## TASK TO COMPLETE
Retype the data exactly, skipping any picture in it.

## SOURCE MATERIAL
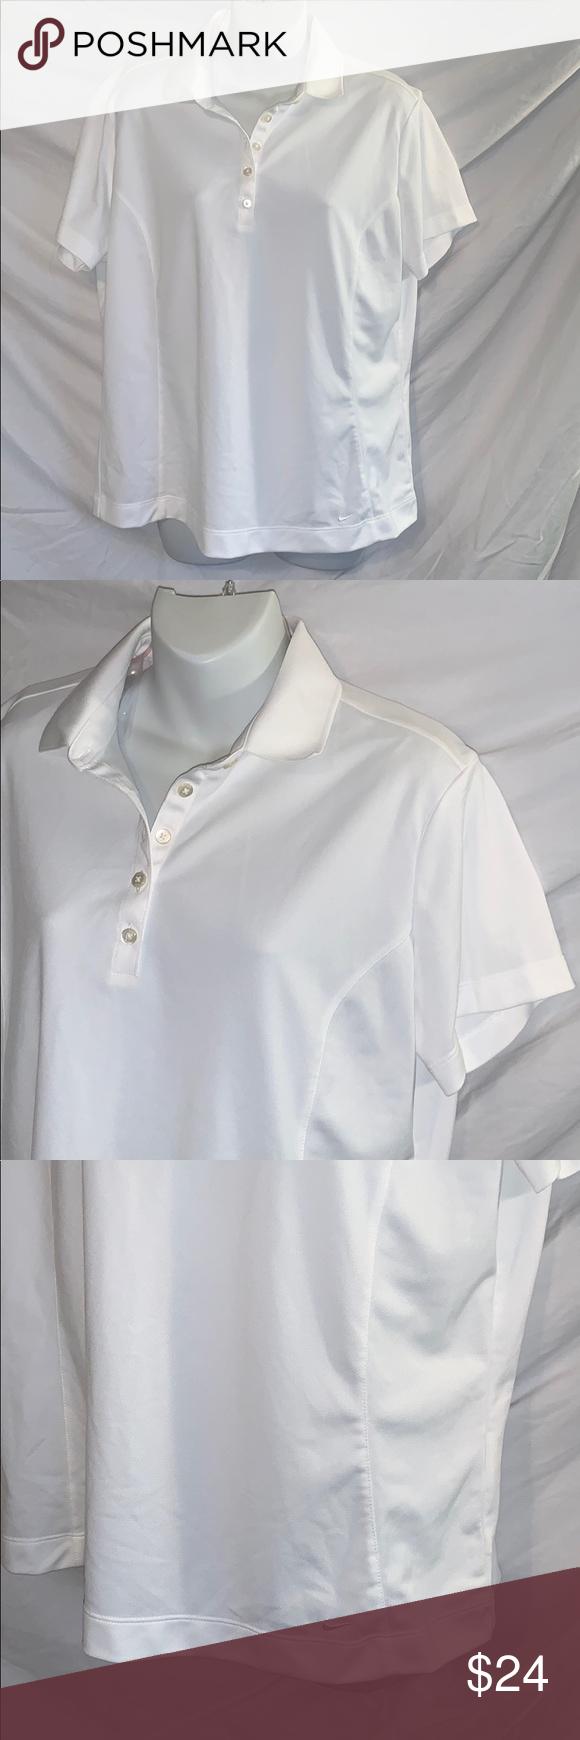 Nike Golf White Polo Shirt White Polo Shirt Nike Golf Shirts
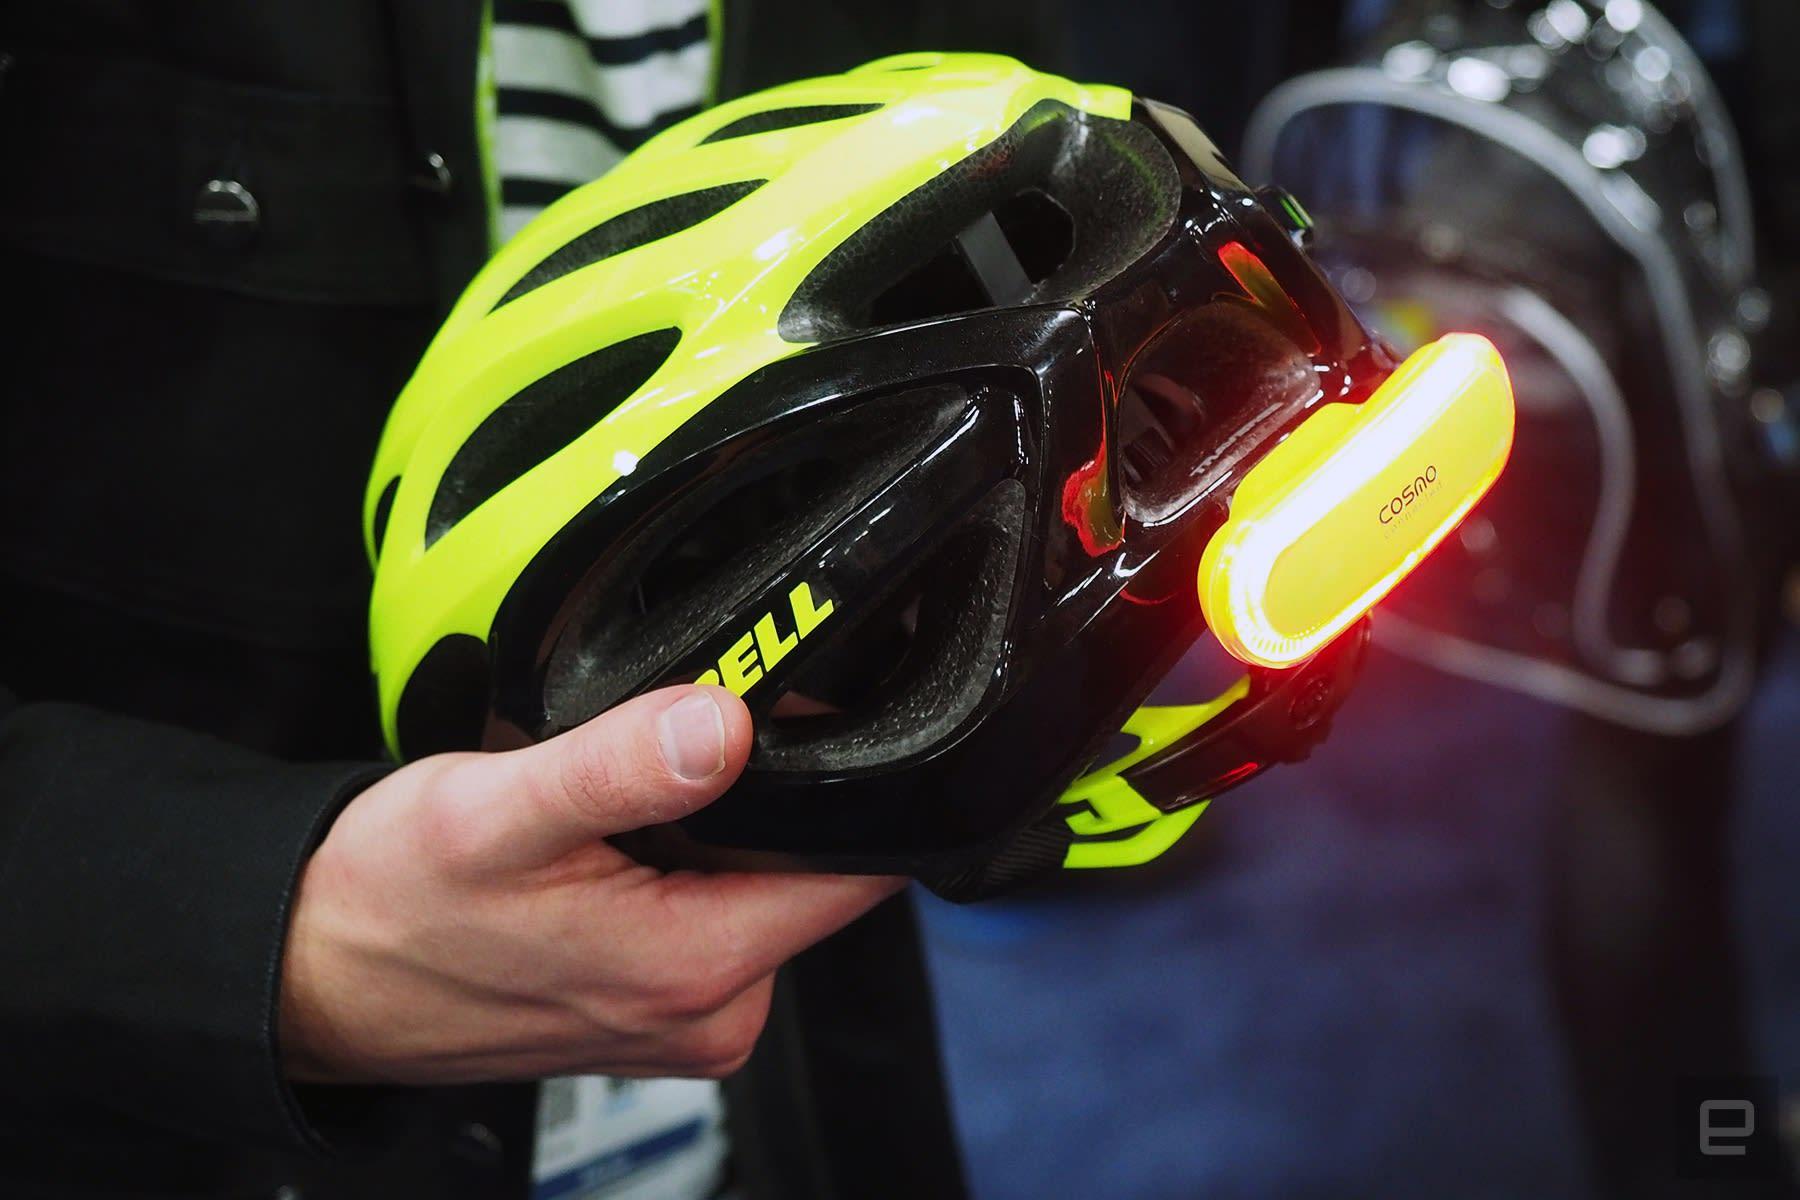 Bike Helmet Light >> Cosmo S Bike Helmet Light Will Alert Others When You Fall
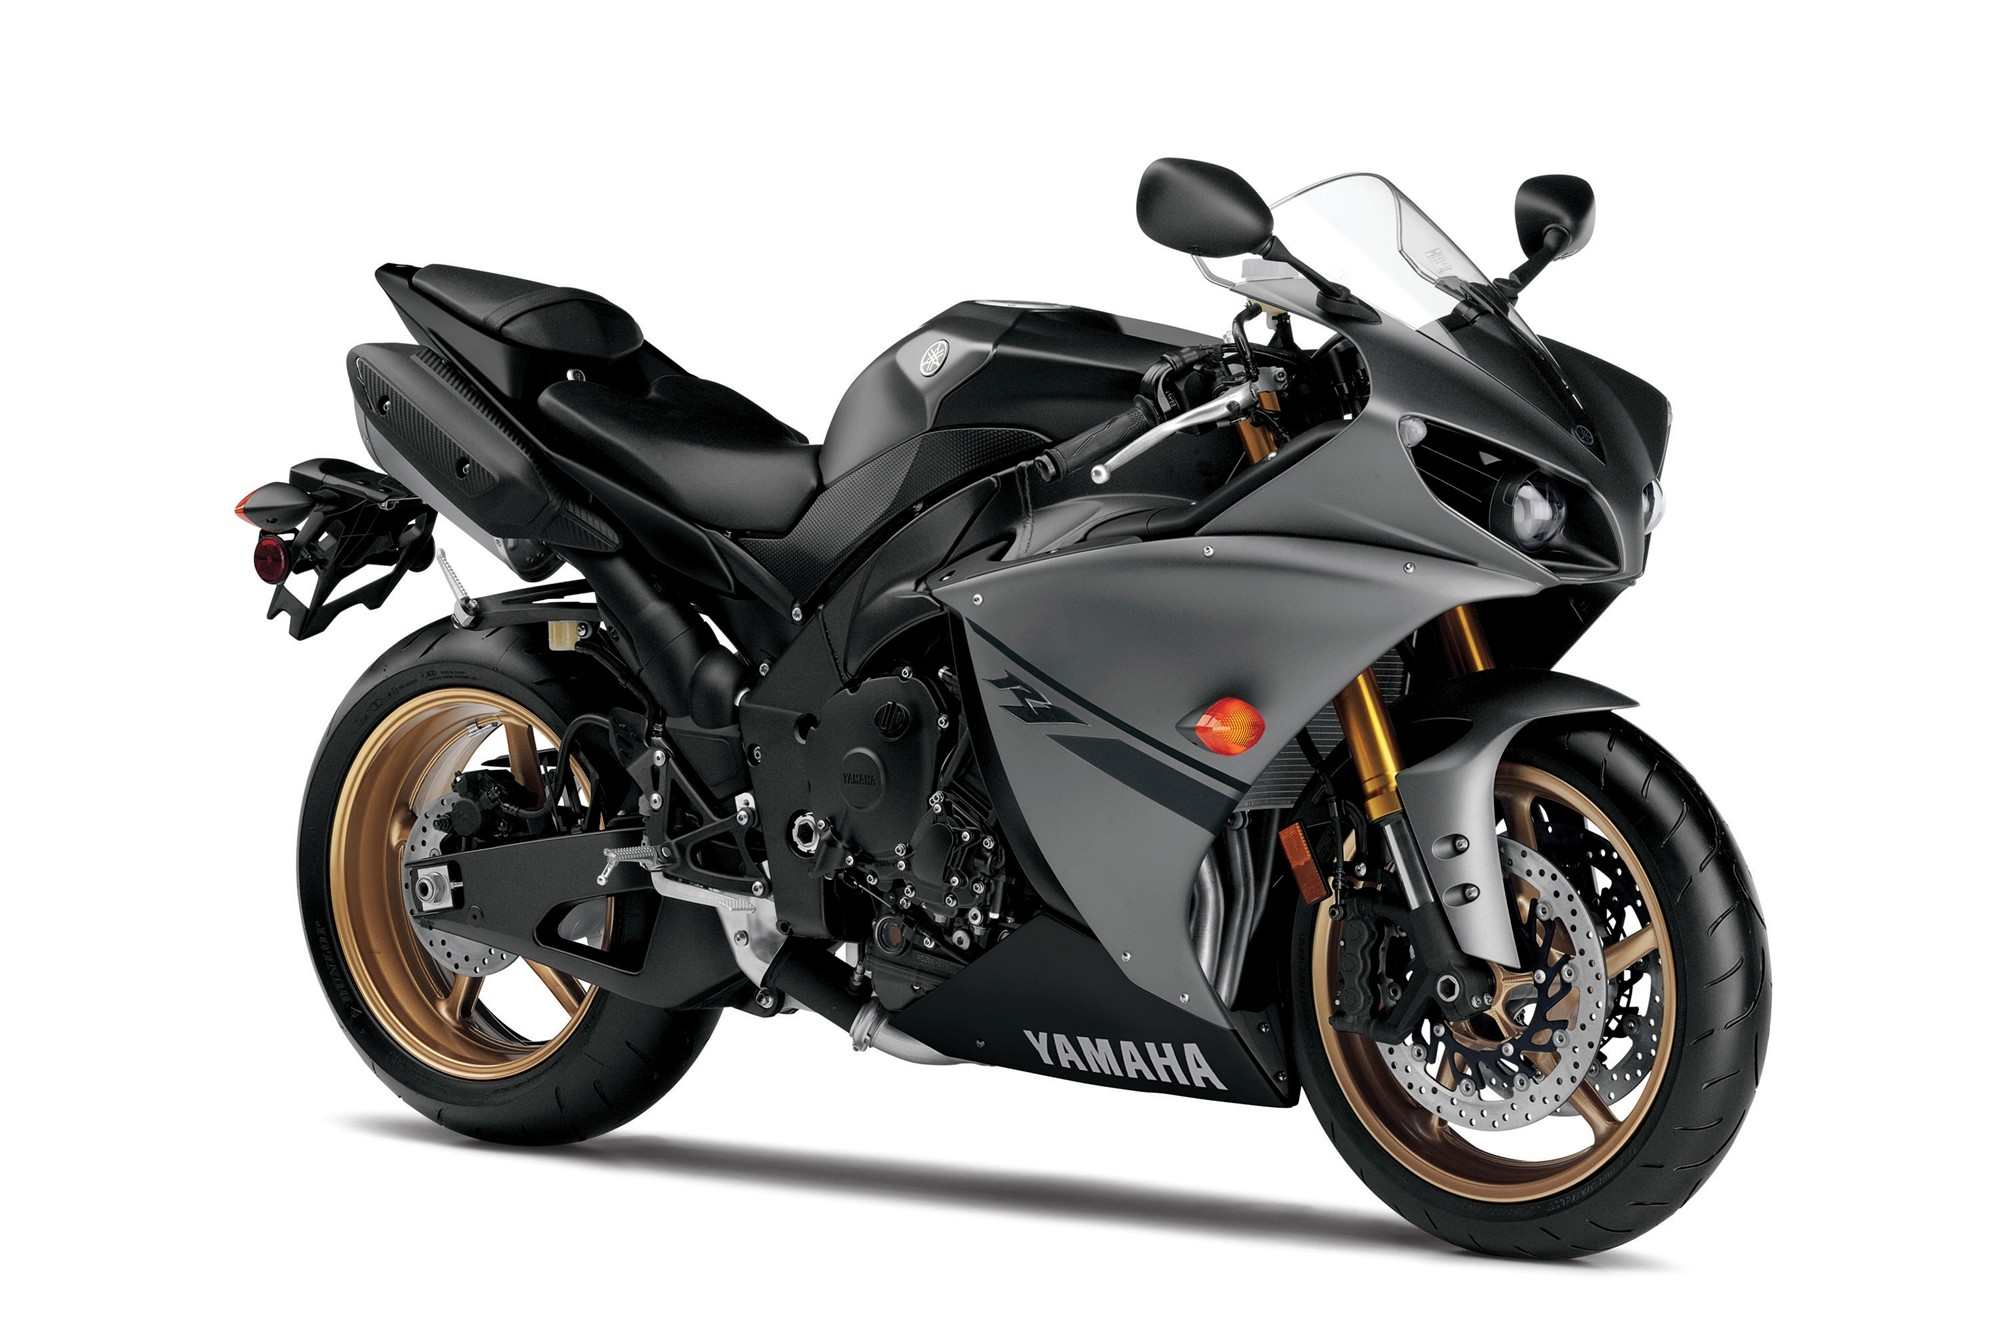 Res: 2000x1333, Yamaha yzf r1
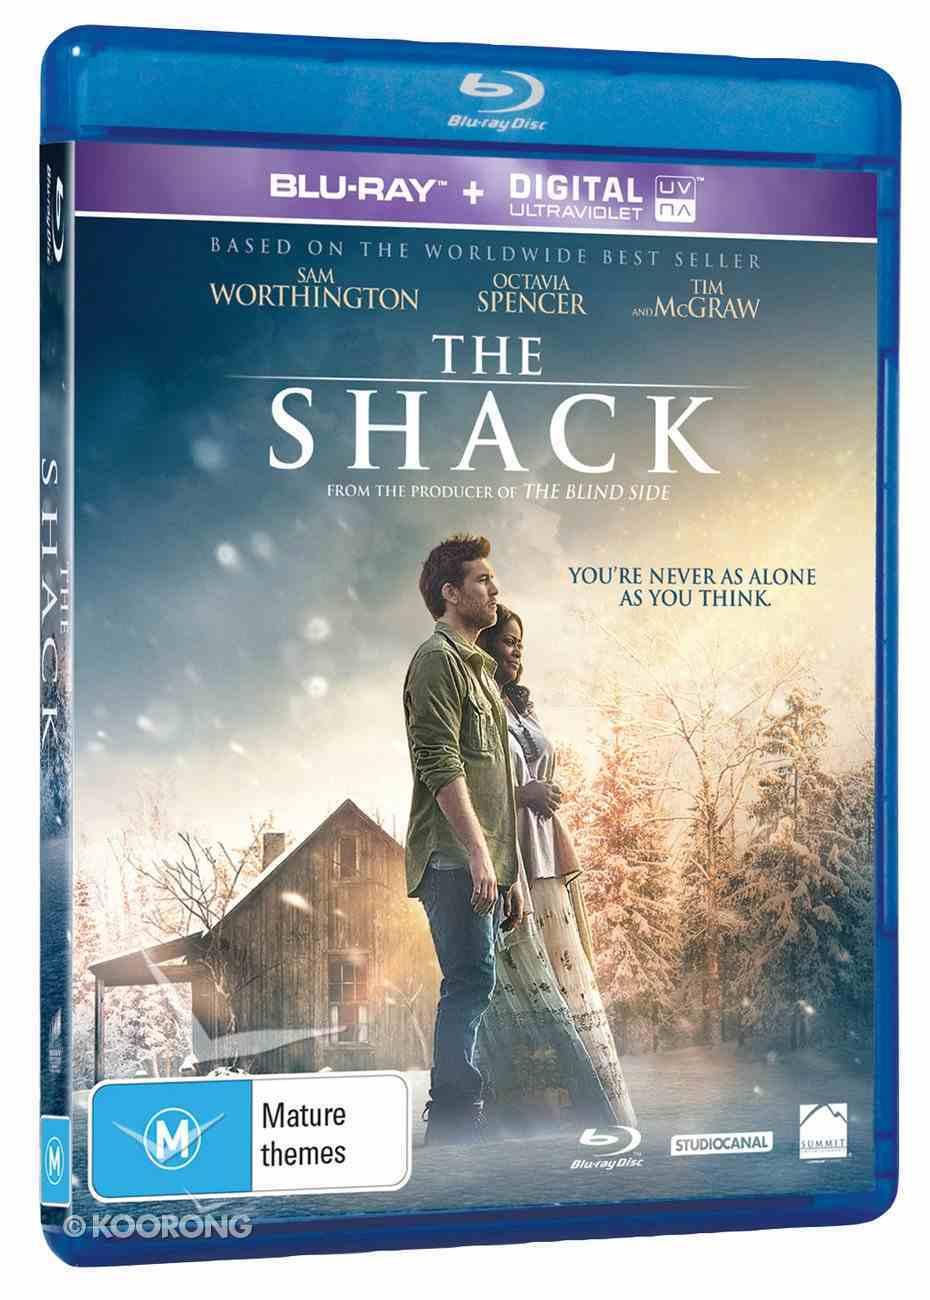 The Shack (Movie Blu-ray) Blu-ray Disc

## YOUR SOLUTION
 Nike Golf White Polo Shirt White Polo Shirt Nike Golf Shirts
 Bike Helmet Light >> Cosmo S Bike Helmet Light Will Alert Others When You Fall
 Res: 2000x1333, Yamaha yzf r1
 The Shack (Movie Blu-ray) Blu-ray Disc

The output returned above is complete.